Alec Baldwin has something to say about Gillian Anderson using her American accent while accepting a Golden Globe on Sunday for “The Crown,” a play seemingly confusing to fans of his British work.
“Change the accent? Sounds … fascinating,” Baldwin, 62, tweeted on wednesday.
He was just one of many who debated Anderson’s normal Yank voice, with some hardly able to believe that the 52-year-old Chicago-born X-Files star was even American.

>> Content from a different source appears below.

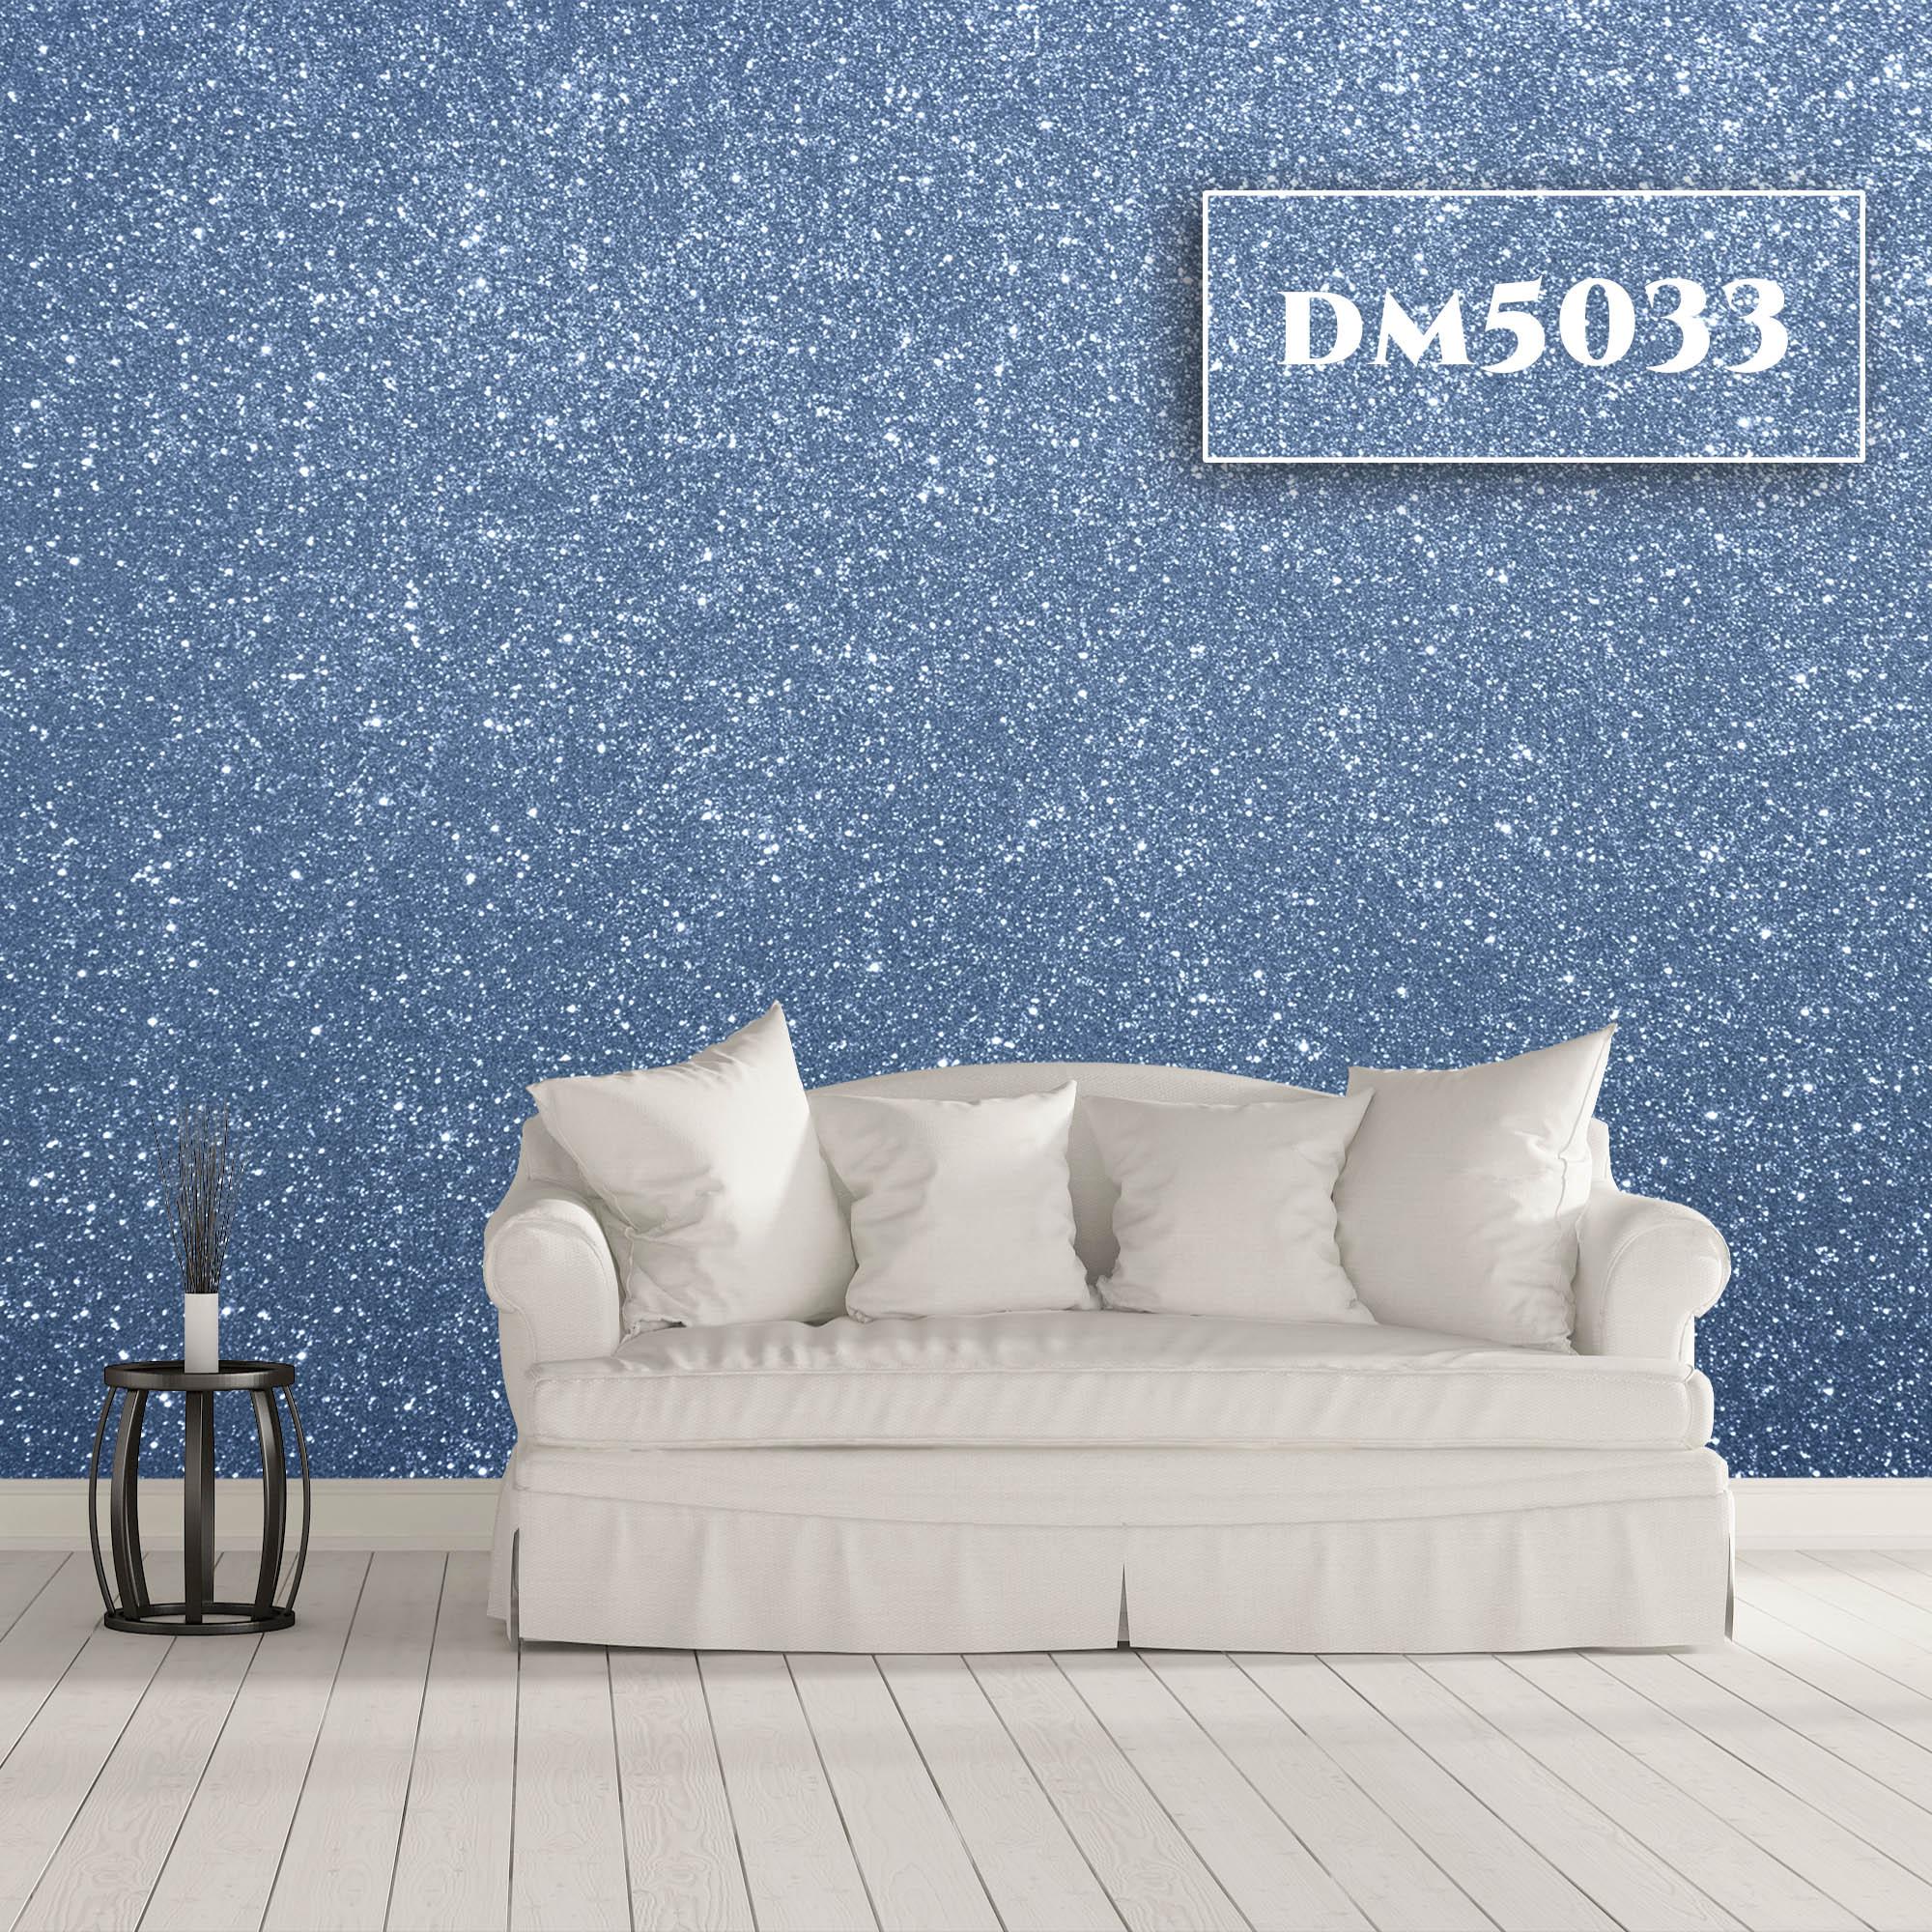 DM5033

“It simply came to my notice then @GillianA it doesn’t really have an English accent in real life ” wrote a fan, with another addition, “I feel very uncomfortable knowing that Gillian Anderson is American and not British.”
Anderson took a long time to perfect his British accent, as he spent several years living in London, and has said in the past that he often slips between accents.
“Even over the phone, my accent will change,” he told the British newspaper The Telegraph in 2009.
Baldwin’s decision to put Anderson’s accent is possibly an attempt by the actor to shrewdly defend his wife Hilaria Baldwin.
The six-year-old mother, 37, was called in December for her fluctuating Spanish accent shortly before admitting her real name was Hillary. She was also raised in Boston, unlike Mallorca, Spain, as it deliberately made people believe.
More recently, the couple surprised the audience by welcoming child number six just five months after a son, Eduardo, joined their offspring.